Waiting On The Lord

By Not Known

It is one of most annoying thing for many.  When we live in a fast-paced world with great anxiety to grab at every opportunity to succeed, waiting can be the least sought-after virtue.  For when someone on the escalator is blocking the rightmost path; or when every email or text message has an answer-me-now tag; or when the traffic lights take a little longer to change, we become agitated.  For those watching the stock market, the running information of stock prices going at all directions can literally drive up the blood pressure.  Waiting can be hazardous to health.
It is therefore not wise to wait as every moment can turn into wasted time or missed opportunities.  
However, while it may be good stewardship to seize opportunities (Col 4:5), it may also be good discipline to learn how to wait on the Lord.
When Paul was put in prison, it was wasted time.  So it seemed.  All he could do was wait for his release, if it ever was granted him at all.  He could have just languished there and let his life be simply wasted away.  But no, his special moments with God was at God’s own timing and disposal, he made the best use of his time.
Paul’s understanding of time can help us in waiting on God.  God’s time is not just measured by seconds, minutes, hours and days, etc.  It is seen as the right moment when God’s work is accomplished.  We have been taught early on from Scriptures about waiting on God and waiting for the Lord (Psalm 27:14).  We have been instructed to be encouraged for it is never waiting in vain.  For God is a faithful God who keeps His promise.  Whatever He has said so, will eventually come to pass.  The only characteristic of such waiting is that it is not measured by the way we look at time although what we are waiting for will come to pass eventually.
As far as God is concern, all waiting is connected to hope (Rom. 8:24).  While we are exhorted to wait, we place our hope in the Lord.  To do so is to live godly and upright lives which is what waiting in hope means.  
Paul in Galatians tell us that in the goodness of time, God sends His Son.  Now that is speaking on our terms, our understanding of time.  Even so, it is the most opportune of time, as the waiting for the coming of Jesus Christ did take place in time and space.  Our hope in salvation happens when that took place.  When the people of God waits patiently and obediently for that to happen, they are rewarded.
Hence, the discipline of waiting is not just connected to physical events that is to happen but to wait on the God who makes those events happen.

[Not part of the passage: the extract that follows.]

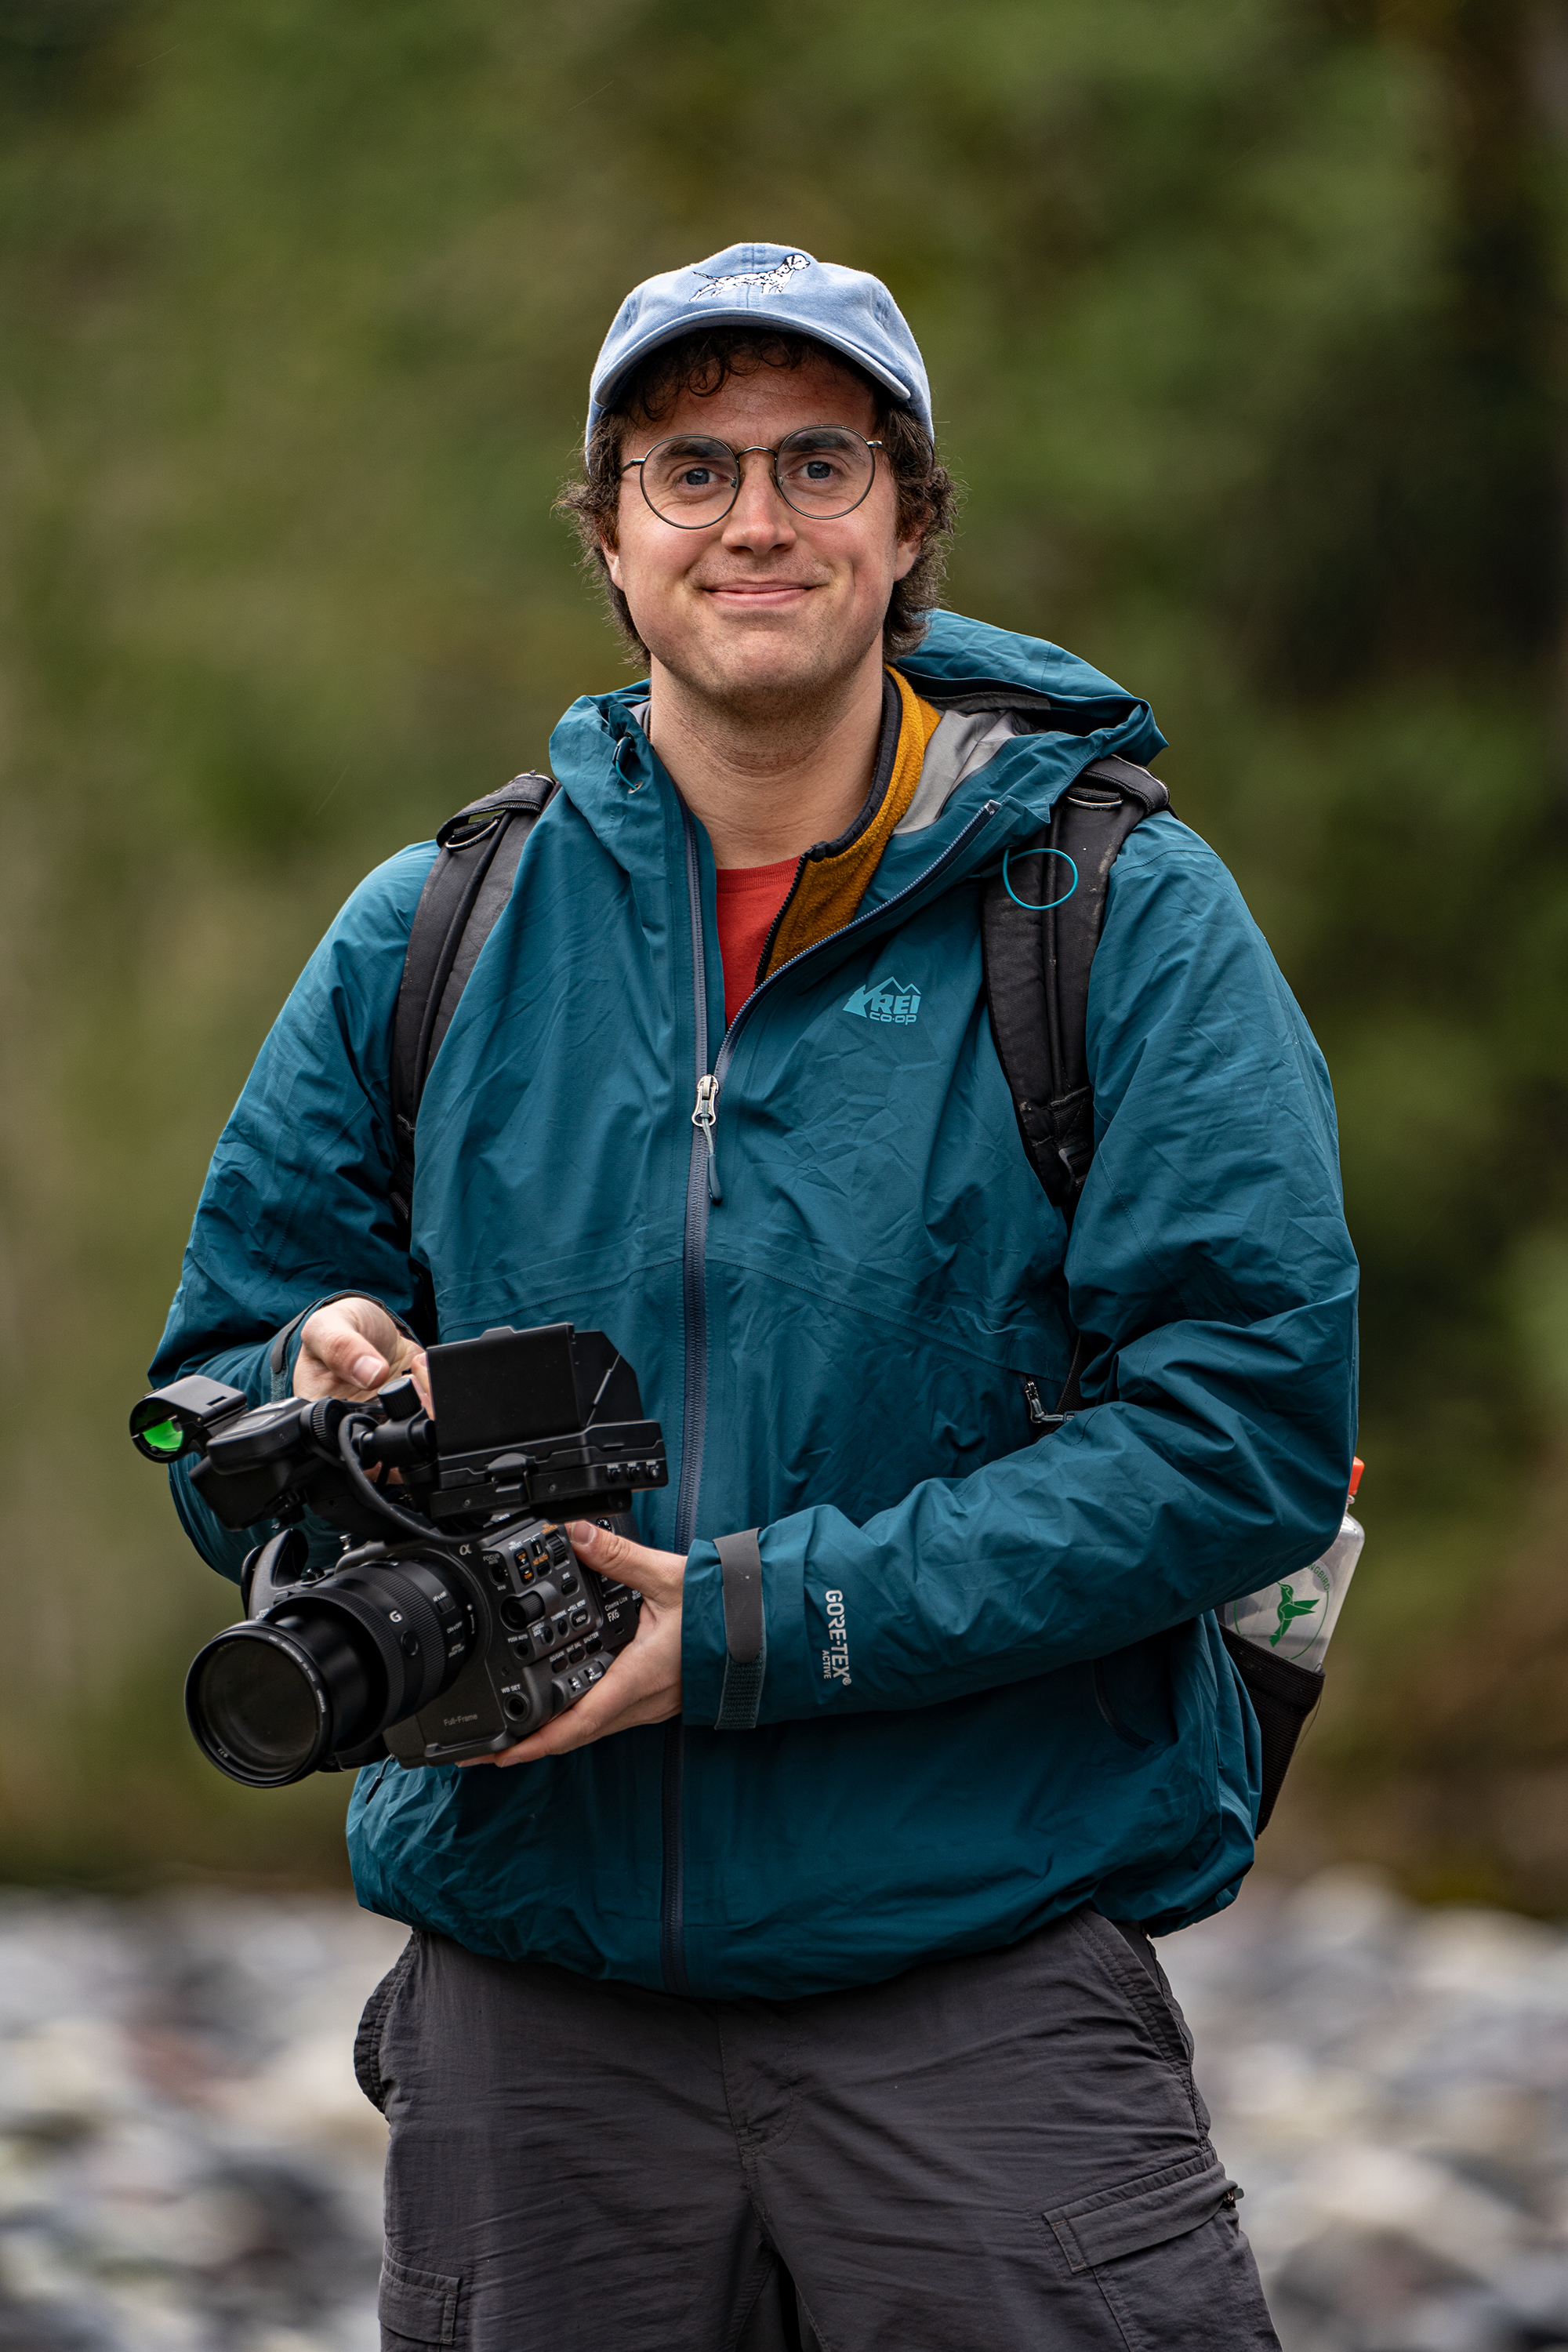 Luke, wearing a cap, jacket and hiking pants, stands near a rocky, forested shoreline wielding a high tech video recorder.

So, we do not become impatient while we wait but rather we learn to be absorbed into God’s presence, God’s being and God’s realm.  In this, when we gather for worship, when we take the time to communicate with God in our quiet time and prayers, we are waiting on God’s holy presence and enter into God’s realm.  When Paul exhorts us to worship Him and present ourselves to Him as living sacrifices, we are doing so similarly to be in God’s presence.  When we obey Him and do whatever we are engaged in through life, speech and deeds, we are actually waiting on God in worship.  Are you waiting on the Lord?